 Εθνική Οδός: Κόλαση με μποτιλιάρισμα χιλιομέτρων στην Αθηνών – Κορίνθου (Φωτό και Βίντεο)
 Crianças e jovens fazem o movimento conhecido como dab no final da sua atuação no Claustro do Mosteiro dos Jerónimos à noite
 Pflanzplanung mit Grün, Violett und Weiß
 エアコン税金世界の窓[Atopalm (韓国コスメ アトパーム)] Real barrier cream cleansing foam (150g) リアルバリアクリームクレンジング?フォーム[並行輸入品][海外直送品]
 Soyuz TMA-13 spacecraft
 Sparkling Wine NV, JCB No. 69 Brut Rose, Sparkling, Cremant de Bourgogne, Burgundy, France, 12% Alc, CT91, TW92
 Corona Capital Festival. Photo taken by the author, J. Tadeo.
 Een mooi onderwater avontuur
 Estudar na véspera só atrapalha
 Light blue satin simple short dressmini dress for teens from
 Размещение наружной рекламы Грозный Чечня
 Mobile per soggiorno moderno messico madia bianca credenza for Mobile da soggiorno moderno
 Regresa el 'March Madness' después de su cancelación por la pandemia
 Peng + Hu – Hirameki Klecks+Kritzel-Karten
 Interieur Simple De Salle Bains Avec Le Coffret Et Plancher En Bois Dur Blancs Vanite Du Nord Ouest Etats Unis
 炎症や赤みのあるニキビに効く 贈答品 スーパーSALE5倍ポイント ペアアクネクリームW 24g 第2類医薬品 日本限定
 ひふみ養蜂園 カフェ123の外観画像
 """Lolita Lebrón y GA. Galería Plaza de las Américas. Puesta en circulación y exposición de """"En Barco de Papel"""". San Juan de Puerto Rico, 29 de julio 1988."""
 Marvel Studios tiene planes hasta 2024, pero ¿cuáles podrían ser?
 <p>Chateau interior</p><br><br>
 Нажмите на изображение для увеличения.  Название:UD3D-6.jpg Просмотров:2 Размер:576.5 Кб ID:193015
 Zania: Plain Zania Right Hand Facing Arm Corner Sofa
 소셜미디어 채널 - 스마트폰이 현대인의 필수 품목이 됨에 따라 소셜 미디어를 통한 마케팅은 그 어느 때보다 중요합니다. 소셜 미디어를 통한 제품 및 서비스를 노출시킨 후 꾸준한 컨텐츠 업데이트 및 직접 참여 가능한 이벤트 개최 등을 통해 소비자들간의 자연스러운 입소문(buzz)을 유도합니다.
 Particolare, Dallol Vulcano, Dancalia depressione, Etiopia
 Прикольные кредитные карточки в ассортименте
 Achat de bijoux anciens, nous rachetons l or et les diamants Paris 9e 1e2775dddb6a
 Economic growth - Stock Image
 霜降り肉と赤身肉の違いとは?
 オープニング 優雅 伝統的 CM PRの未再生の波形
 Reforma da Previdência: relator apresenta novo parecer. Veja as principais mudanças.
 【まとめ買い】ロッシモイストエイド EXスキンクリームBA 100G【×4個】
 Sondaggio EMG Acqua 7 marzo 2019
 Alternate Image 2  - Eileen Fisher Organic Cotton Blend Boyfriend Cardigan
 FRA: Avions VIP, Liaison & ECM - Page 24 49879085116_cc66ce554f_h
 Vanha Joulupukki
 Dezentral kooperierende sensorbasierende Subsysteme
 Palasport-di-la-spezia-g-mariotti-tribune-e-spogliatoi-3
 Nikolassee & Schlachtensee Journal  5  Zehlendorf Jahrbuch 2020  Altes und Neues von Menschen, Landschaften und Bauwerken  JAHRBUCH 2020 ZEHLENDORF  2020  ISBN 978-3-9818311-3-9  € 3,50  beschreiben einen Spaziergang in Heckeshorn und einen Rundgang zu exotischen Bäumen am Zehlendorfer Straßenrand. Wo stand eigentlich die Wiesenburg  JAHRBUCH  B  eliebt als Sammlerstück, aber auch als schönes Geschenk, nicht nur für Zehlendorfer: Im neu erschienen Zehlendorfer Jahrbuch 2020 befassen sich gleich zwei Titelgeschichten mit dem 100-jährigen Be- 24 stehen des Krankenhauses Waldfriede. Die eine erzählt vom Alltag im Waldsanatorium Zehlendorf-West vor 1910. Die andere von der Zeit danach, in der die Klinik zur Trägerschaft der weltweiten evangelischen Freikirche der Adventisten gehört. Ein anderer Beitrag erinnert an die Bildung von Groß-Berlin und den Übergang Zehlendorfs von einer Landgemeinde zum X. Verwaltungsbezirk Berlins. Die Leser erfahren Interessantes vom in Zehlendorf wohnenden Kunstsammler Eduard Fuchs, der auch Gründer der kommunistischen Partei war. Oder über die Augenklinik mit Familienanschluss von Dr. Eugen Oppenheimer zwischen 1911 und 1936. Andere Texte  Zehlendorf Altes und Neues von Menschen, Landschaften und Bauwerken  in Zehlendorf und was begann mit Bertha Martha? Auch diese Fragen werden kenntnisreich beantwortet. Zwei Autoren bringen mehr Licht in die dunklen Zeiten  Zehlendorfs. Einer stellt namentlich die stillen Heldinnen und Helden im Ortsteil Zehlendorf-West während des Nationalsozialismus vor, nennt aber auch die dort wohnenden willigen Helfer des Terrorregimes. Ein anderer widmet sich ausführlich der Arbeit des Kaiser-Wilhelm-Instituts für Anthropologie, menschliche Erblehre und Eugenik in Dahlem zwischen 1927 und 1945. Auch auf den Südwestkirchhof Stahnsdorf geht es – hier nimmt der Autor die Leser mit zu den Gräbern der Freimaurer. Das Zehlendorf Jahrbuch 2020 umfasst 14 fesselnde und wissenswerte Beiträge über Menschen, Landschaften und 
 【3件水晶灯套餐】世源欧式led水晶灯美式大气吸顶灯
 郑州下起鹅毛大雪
________
## WHAT THIS TASK INVOLVES
Please give, as a bare number, how many lines in the listing above include the word "Image".

## TASK RESPONSE
2